果たしてどうだろうか、湯川秀樹や朝永振一郎はバリバリの都会育ちだし江崎玲於奈や野依良治も決して田舎育ちでは無い。

ノーベル賞受賞者の小学から中学を過ごしたところでもまとめてみますか。

物理学賞

湯川秀樹 京都市(父親:京大教授)

朝永振一郎 京都市(父親:京大教授)

江崎玲於奈 京都市

小柴昌俊 新宿→横須賀

小林誠 名古屋市

益川敏英 名古屋市

南部陽一郎 福井市

赤崎勇 鹿児島市

天野浩 静岡県浜松市

中村修二 愛媛県大洲市

梶田隆章 埼玉県東松山市

真鍋淑郎 愛媛県宇摩郡新立村


化学賞

福井謙一 大阪市

白川英樹 岐阜県高山市

野依良治 兵庫県芦屋市

田中耕一 富山市

下村脩 長崎市

根岸英一 神奈川県高座郡大和町

鈴木章 北海道鵡川村

吉野彰 大阪府吹田市


医学生理学

利根川進 富山県大沢野町→愛媛県三瓶町→東京日比谷

山中伸弥 大阪府枚岡町→奈良市

大村智 山梨県北巨摩郡神山村

大隅良典 福岡市

本庶佑 山口県宇部市


自然科学系は大体こんな感じですかね。

上に挙げられてる人以外大体県庁所在地クラスの都市出身ですね。大村先生、根岸先生と梶田先生の東松山市(笑)は田舎に入れれもいいかもしれません。5/25?(田舎かどうかは主観です)まあ当時帝国大学に入る人のなかで田舎から来る人は少なかったでしょうから、相対的に活躍してることになるんでしょうか。

ちなみに僕はスーパーが一個、駅に自動改札もない、街の中にエスカレーターがないという田舎の出身なんです。

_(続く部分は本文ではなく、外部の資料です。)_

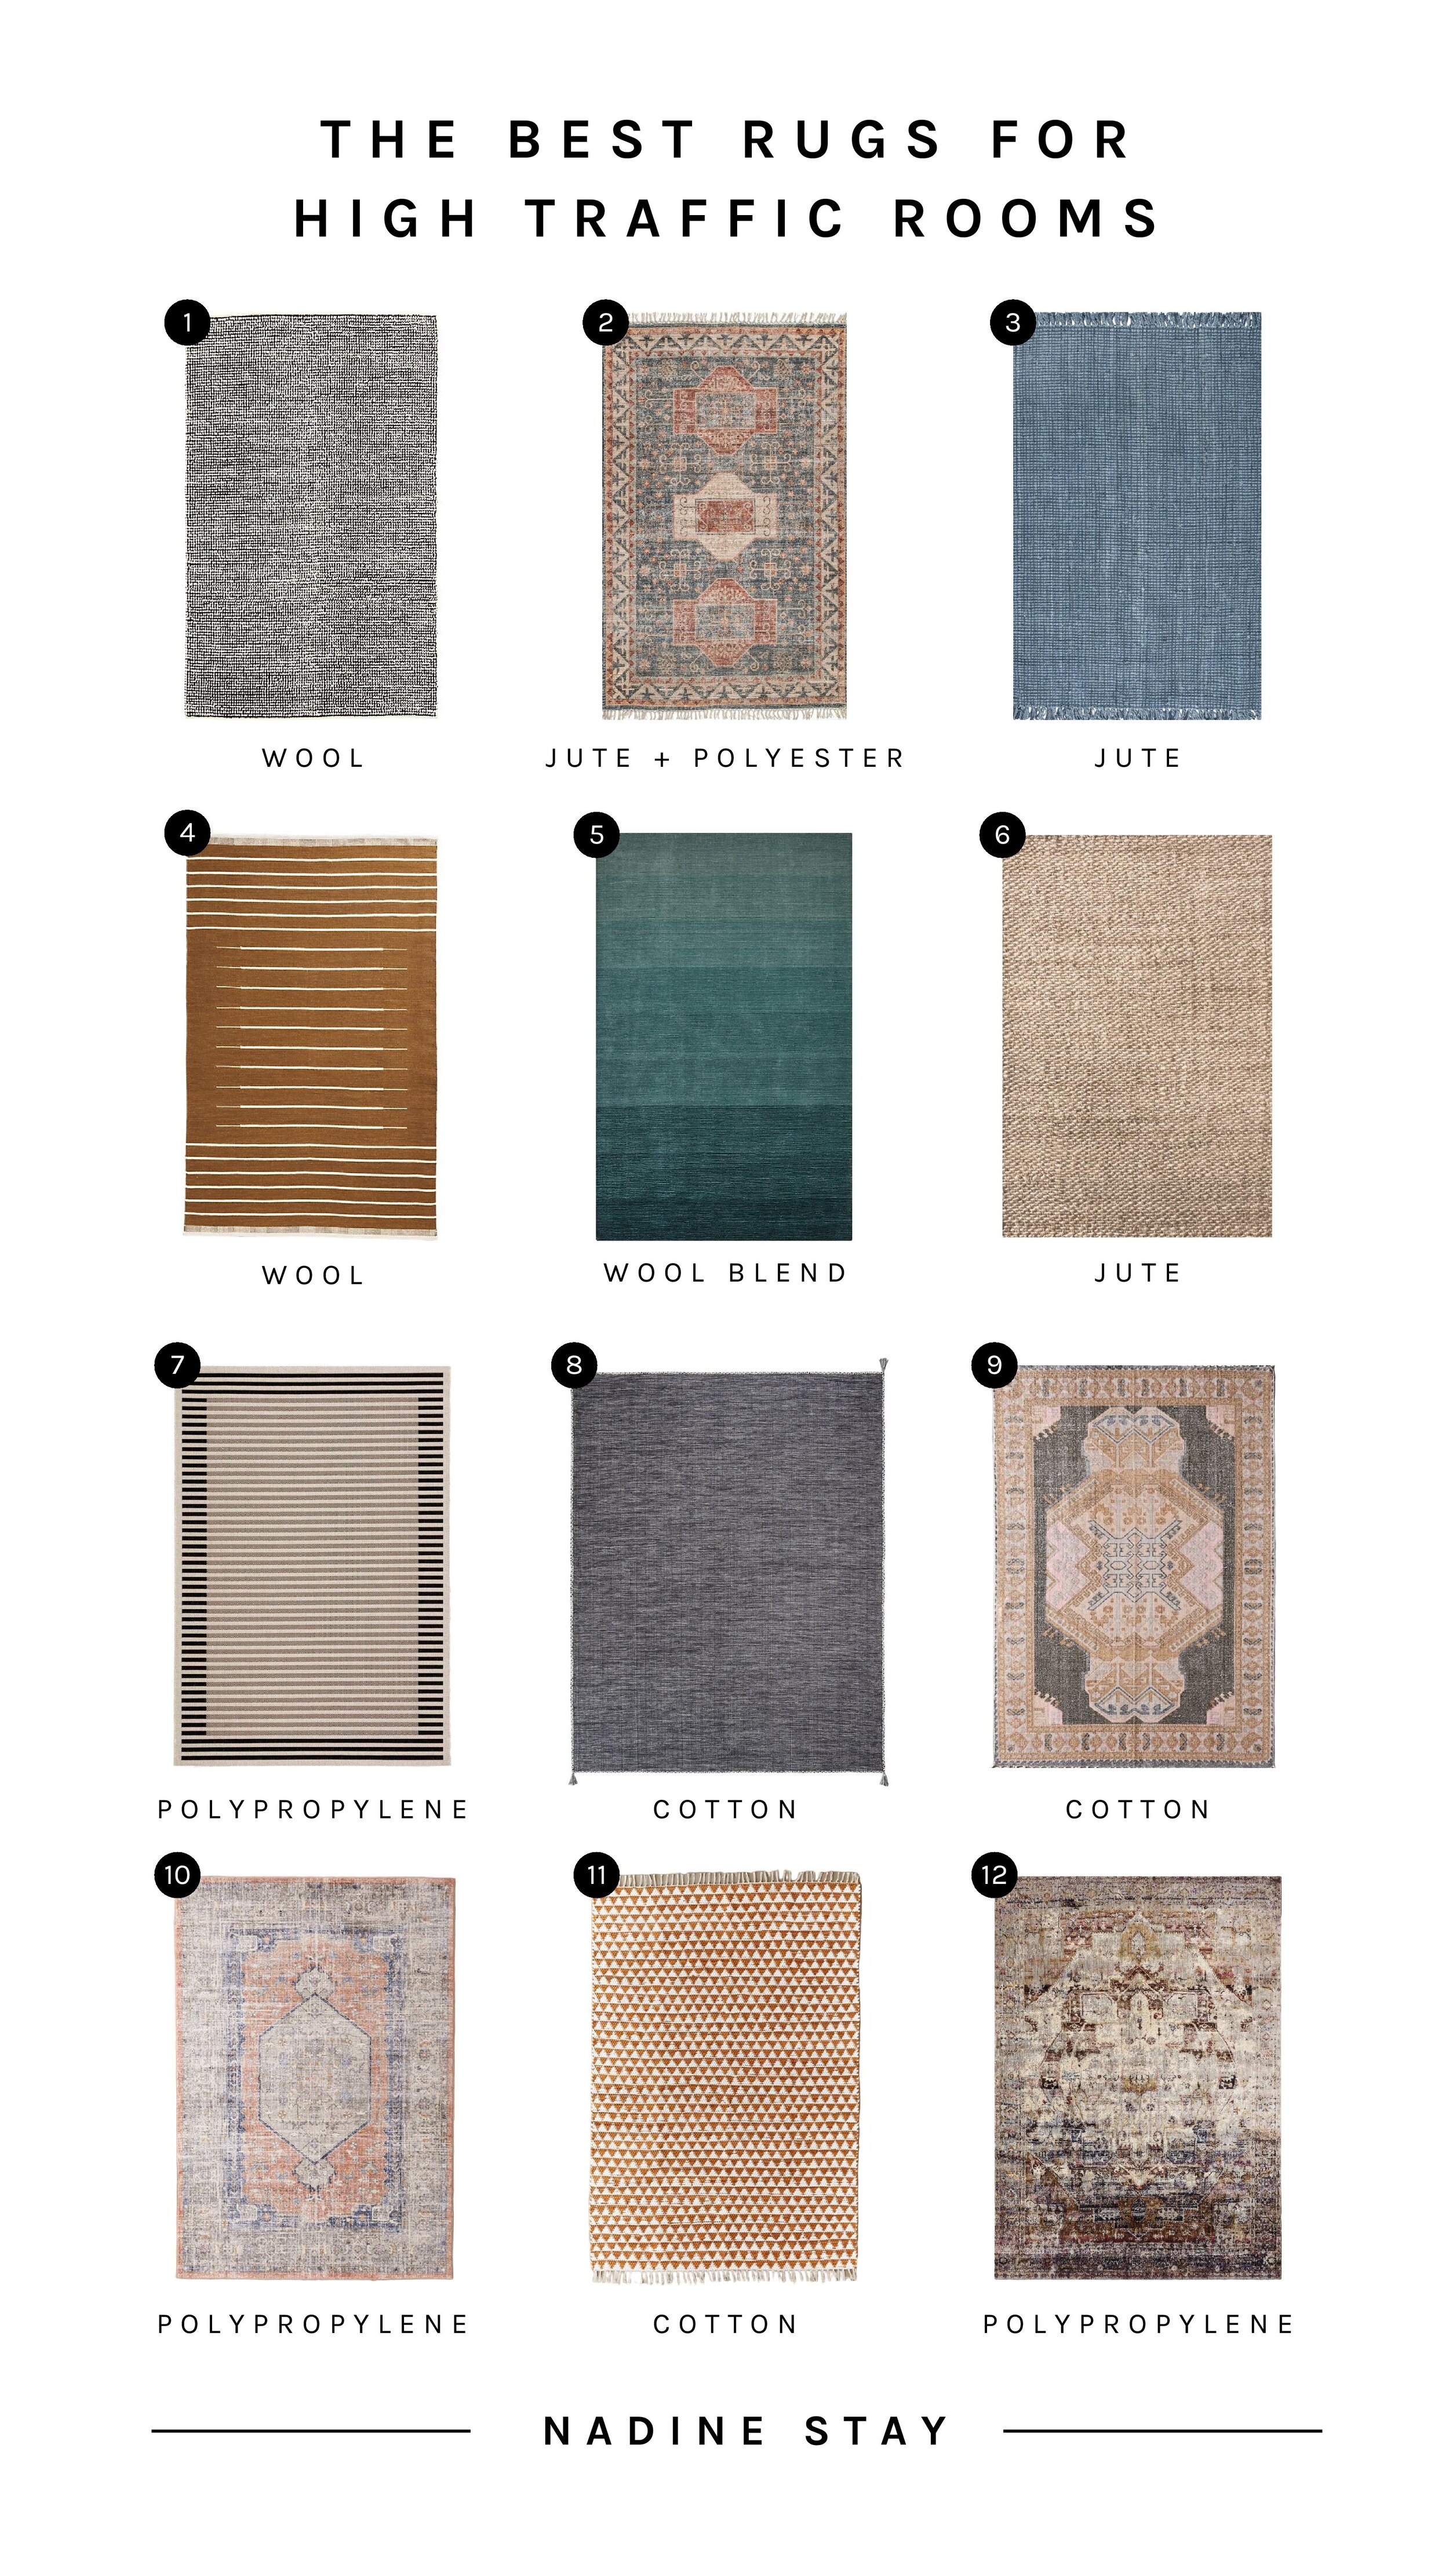 Worst Rugs For High Traffic Areas, Softest Rug Material

まるまる県ばつばつ郡なんとか町って住所でした。

大学の研究室に入ると事故があった時の連絡先として実家の住所と電話番号を共有するんですけど、僕がラボにいた6年間で市町村システムの中で町にあたるのは僕だけ。。。他の人はシティー出身のハイカラなモガとモボばかり(←お前何歳だよ)。

みんなこの郡ってなんですか?とか聞いてきやがります。煽りなのか無知なのか。ともかくおじいちゃん世代の話は置いておいて、化学の研究室には田舎出身はもう絶滅危惧種です。これ多分地方と都市部の教育格差なんだと思ってます。実際自分の町出身でいわゆる有名大学に行って研究室に入った人は自分以外いないですし。ほとんど全ての人が町から出ずに毎年同窓会みたいなことをやってるみたいです。ハブられてはや10年以上。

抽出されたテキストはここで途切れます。